Because many information technology services are outsourced, boards of directors must examine the practices and procedures of their vendors. This should include mandatory standards including compliance certification; third party risk and security assessments; use of latest technology including encryption and two factor authentication; incident response and disaster recovery plans. Categorize vendors based on the nature and quantity of information they access. Research previous data security incidents and insure proper response procedures are in place. If possible, visit vendor sites. Be sure contracts cover all aspects of the relationship, including privacy, data security and notification provisions. Data privacy laws must be observed, including the GDPR if applicable. Establish procedures for data handling when a relationship ends.
Other subjects for the board to investigate include vendors’ communications, cyber insurance and indemnification.
Data security incidents at a vendor may impact a company, and vice versa.

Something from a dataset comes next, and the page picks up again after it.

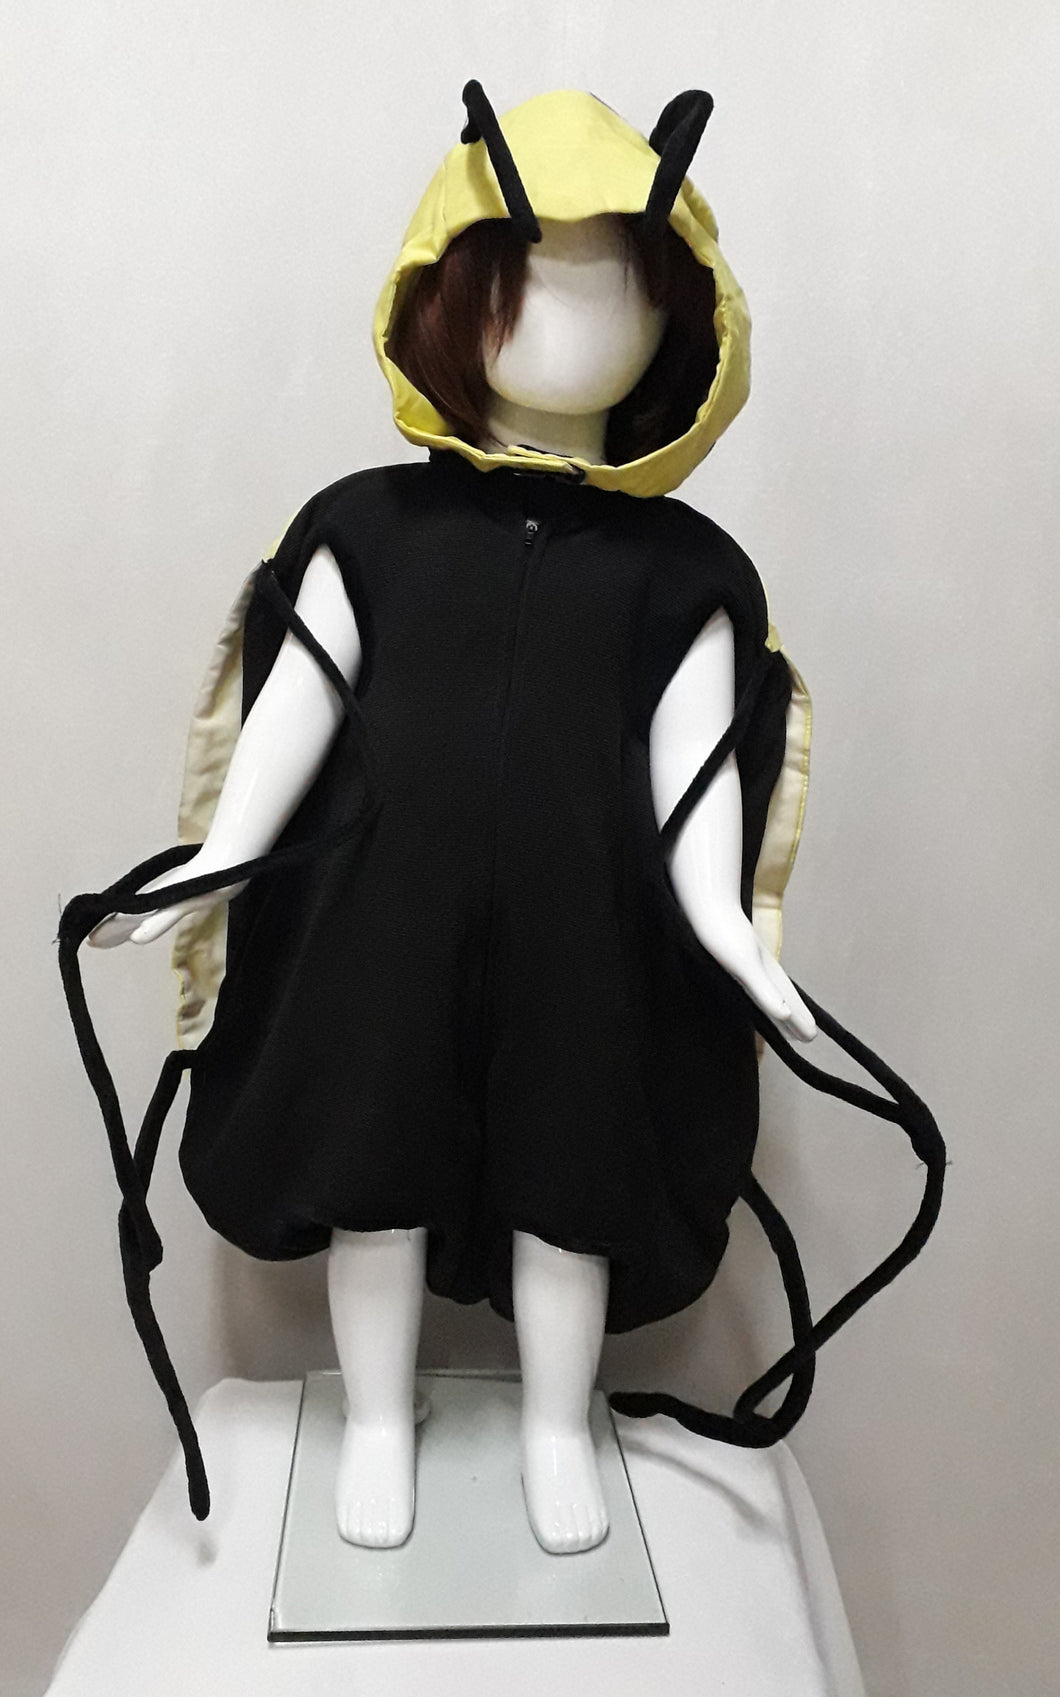 Bug Costume for kids 2-4yo / Insect / Beetle
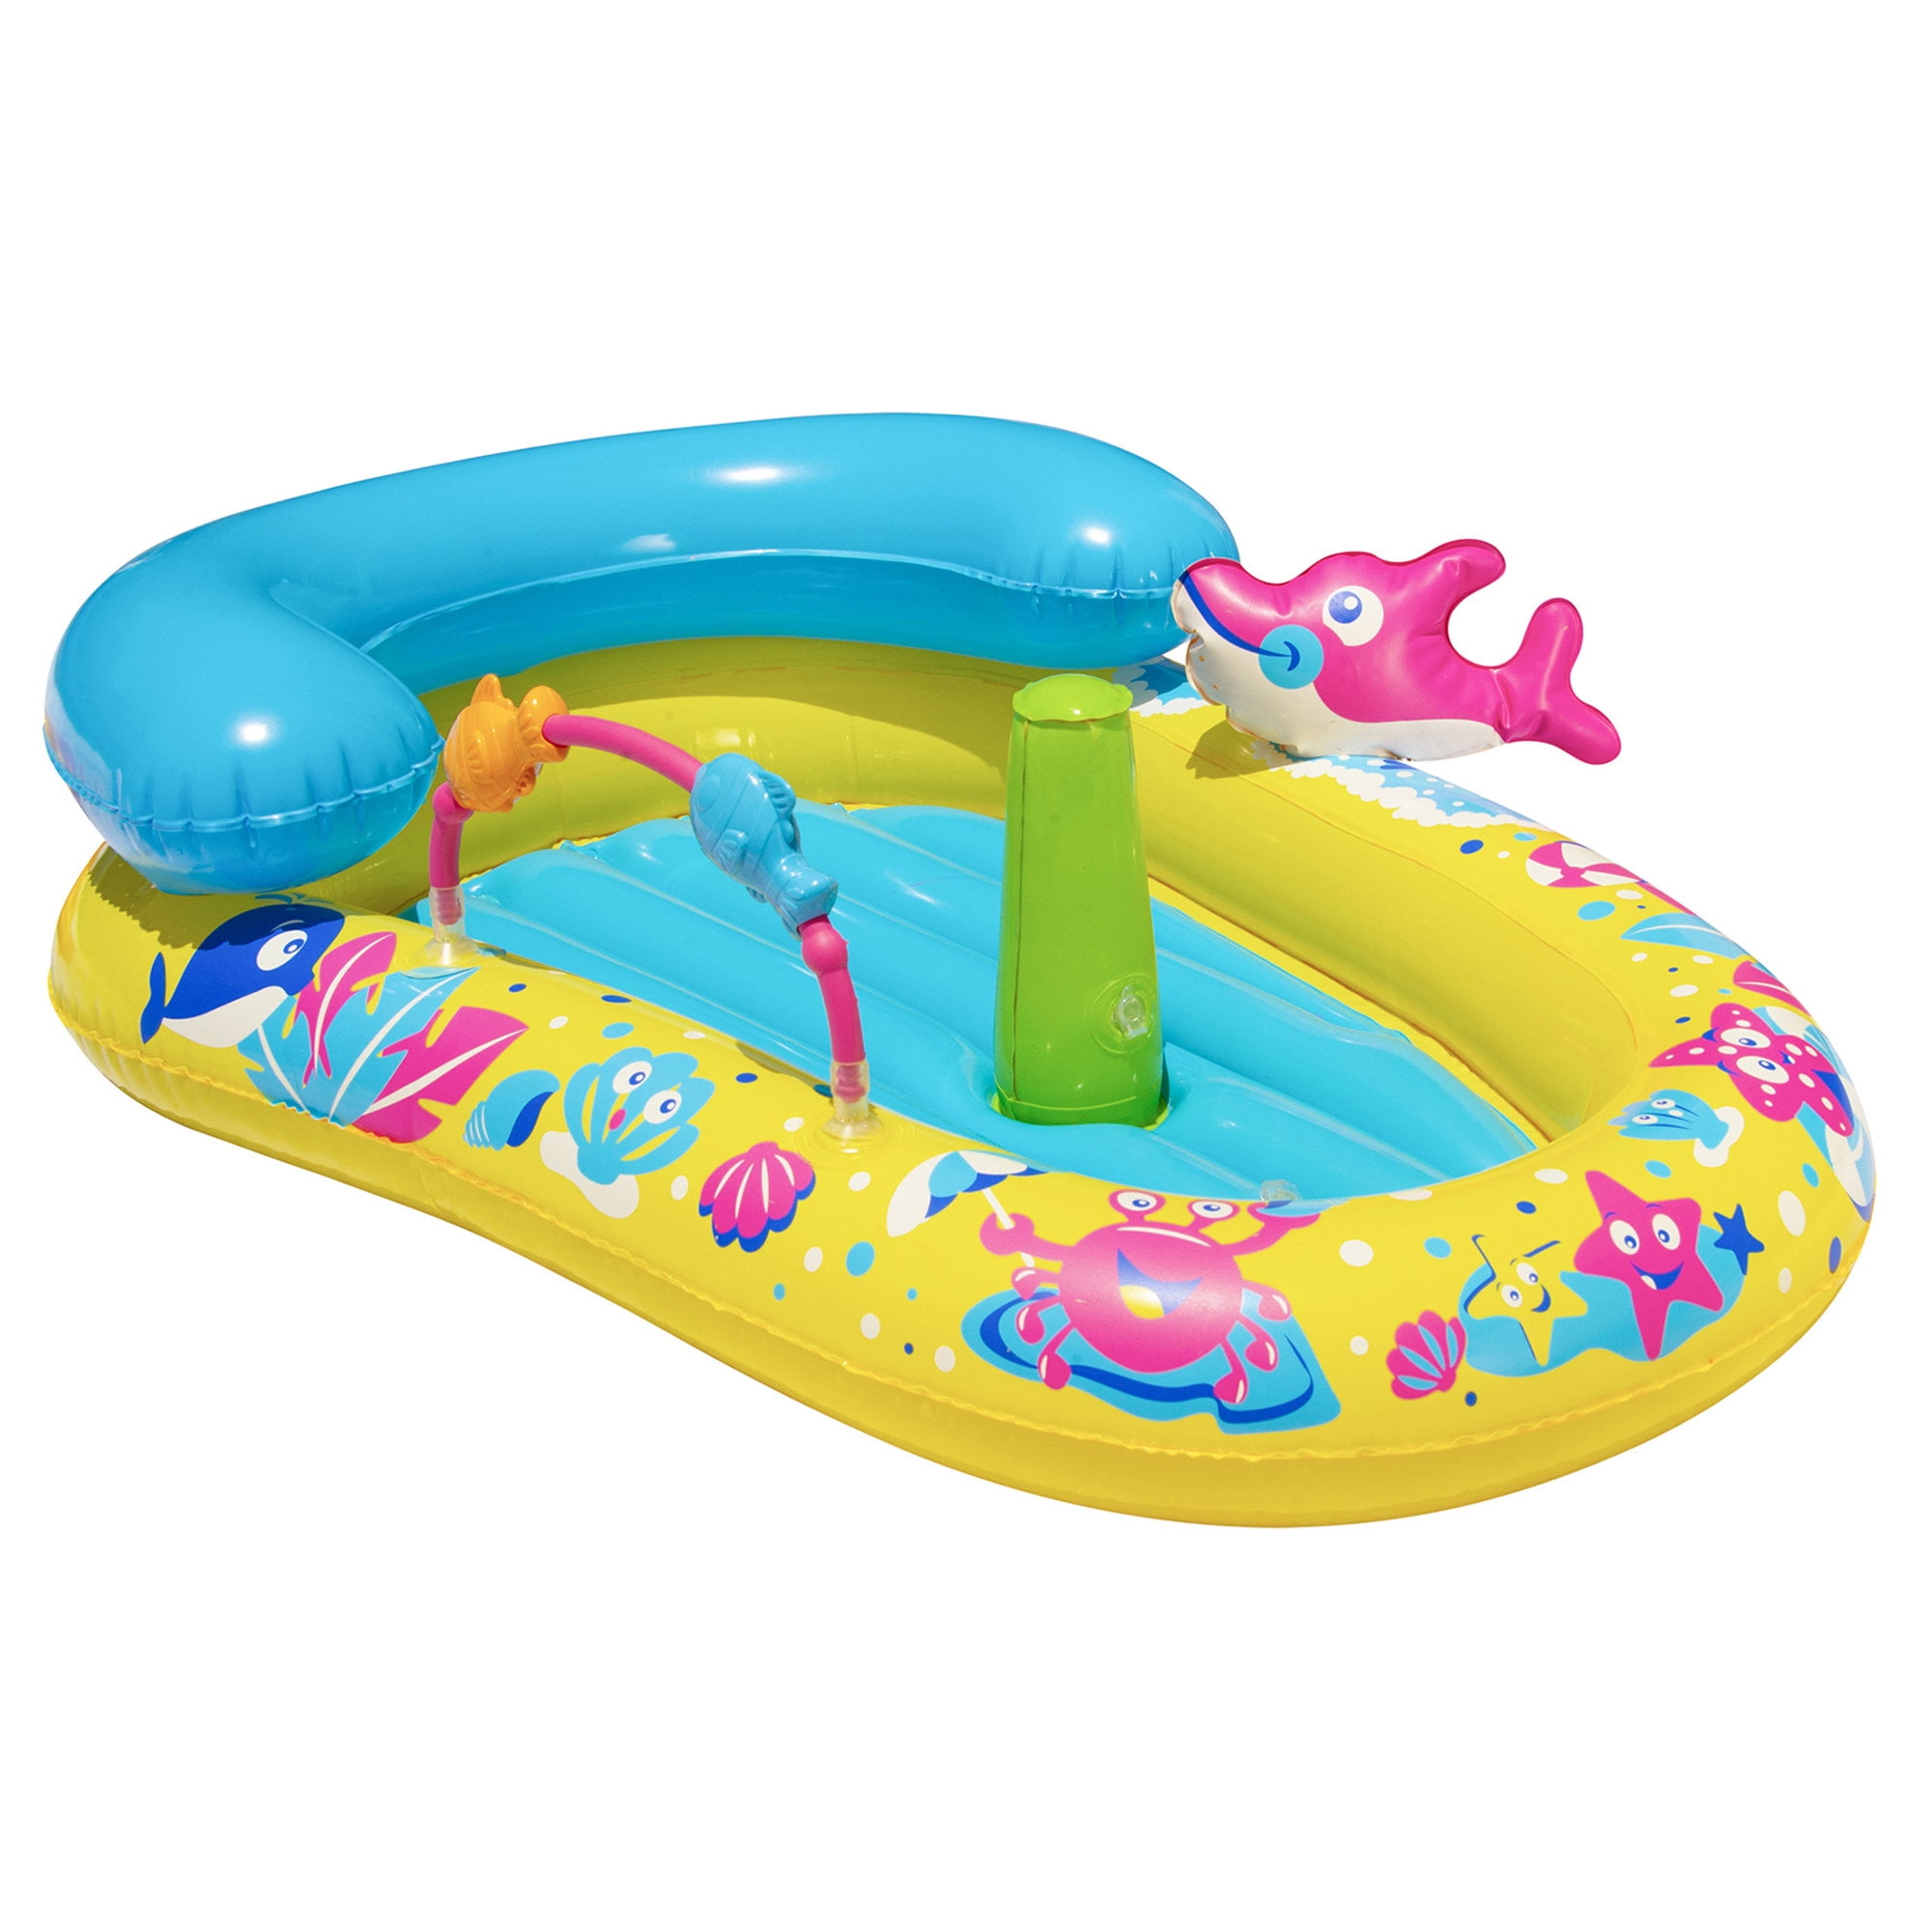 Intex My Baby Float Swimming Aid Swim Seat 6-12 months old Fast Free UK Post

In either case contracts will govern the response and each party should communicate with the other.Boards must be sure requirements are followed.
When cloud services are used, boards must probe the cloud provider’s practices, not limited to security. This should include company policy toward employee use of cloud sharing services.
According to Stark, “cybersecurity engagement for boards does not mean that board members must obtain computer science degrees or personally supervise firewall implementation and intrusion detection system rollouts”. They are responsible for evaluating cyber exposures and elevating oversight to a core enterprise risk management item.
In a critique of the article, Norman Marks (https://normanmarks.wordpress.com/2019/08/24/cyber-and-the-board/) while calling Stark’s questions “excellent” believes he asks too much of directors. In his view it is management’s role to address cyber risk, answer the questions raised by Stark and the board’s role is to ensure management has the right answers.
In my opinion, both of these articles are worth reading in their entirety.